Модеста. Мне не до смеха, гонец. Она чиста, как ласточка, никогда не покидавшая гнезда. А ведь это как лихорадка, знаешь? Жажда пронизывает весь дом, доходит до меня, а потом они уезжают, и мое золотко остается одна-одинешенька и все плачет и плачет.
Гонец. Всяк по-своему с ума сходит. Я с юных лет мечтал стать богатым. Мне снилось, что золотые падают мне на лицо и холодят кожу, как мыльная пена, пахнущая свежестью. И вот однажды на постоялом дворе в Люцерне я проснулся и нашел каролус[32]. Наверное, монетка выпала у того, кто спал на этой постели до меня. С тех пор мечты о богатстве не посещали меня, мой сон утратил свою девственную прелесть. А я сам с того дня стал чувствовать, как молодость покидает меня, и на моем лице появились морщины.
Модеста. Мечтать — очень утомительное занятие!
Гонец. Однако люди научились этому раньше, чем начали разговаривать!
Модеста останавливается, прислушиваясь к шагам на первом этаже. Наверное, донья Инес уже встала.
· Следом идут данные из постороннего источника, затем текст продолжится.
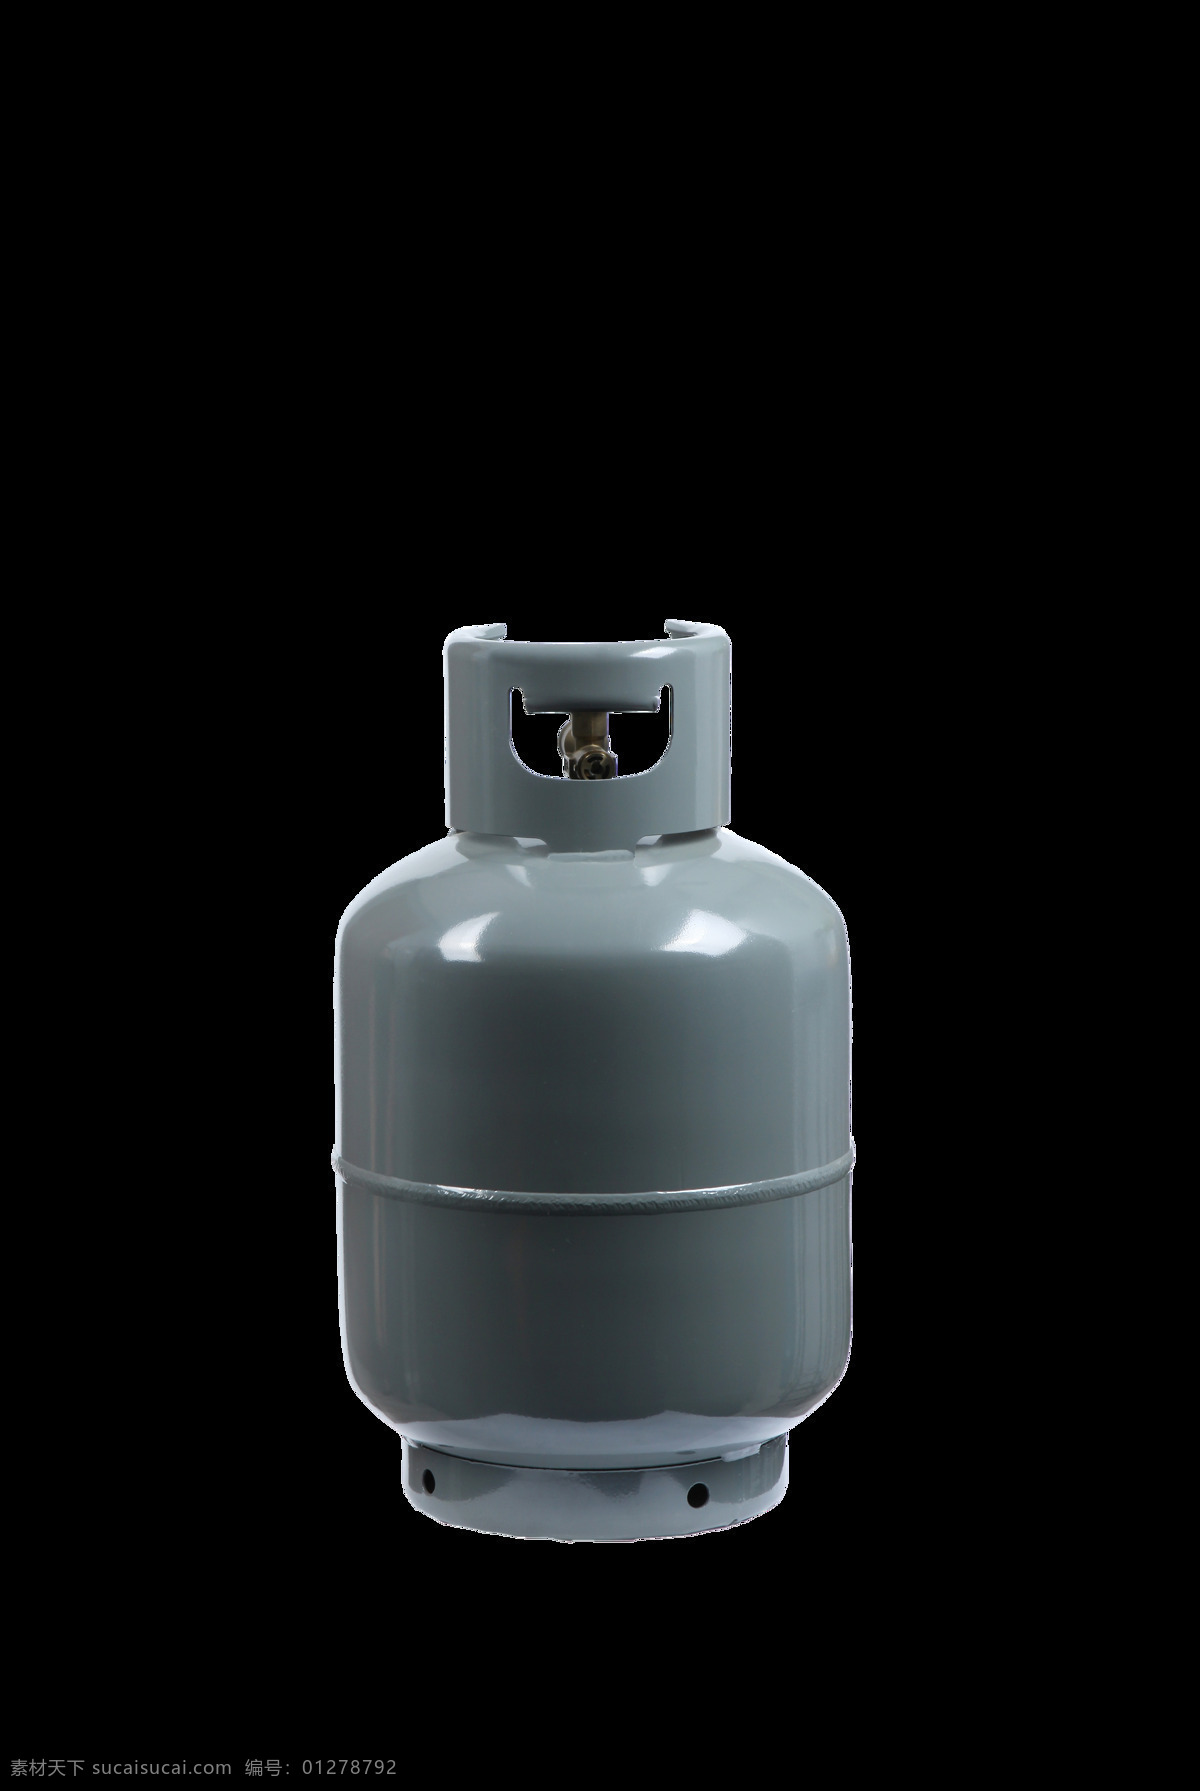 煤气罐 氮气罐 氦气罐 罐子 铁罐子

Служанка наклоняется к гонцу, который пьет вино большими глотками, смакуя его.
Модеста. Должно быть, сейчас спустится. Скажи ей, что писем нет, так как ни на суше, ни в окрестных морях не пропускают почту, а голубей ловят, опасаясь шпионажа. А еще скажи ей, пожалуй, будто встретил в Италии, во Флоренции, человека, который обещал написать ей, как только будет открыт свободный путь для любовных посланий. Подумай, как он мог; выглядеть?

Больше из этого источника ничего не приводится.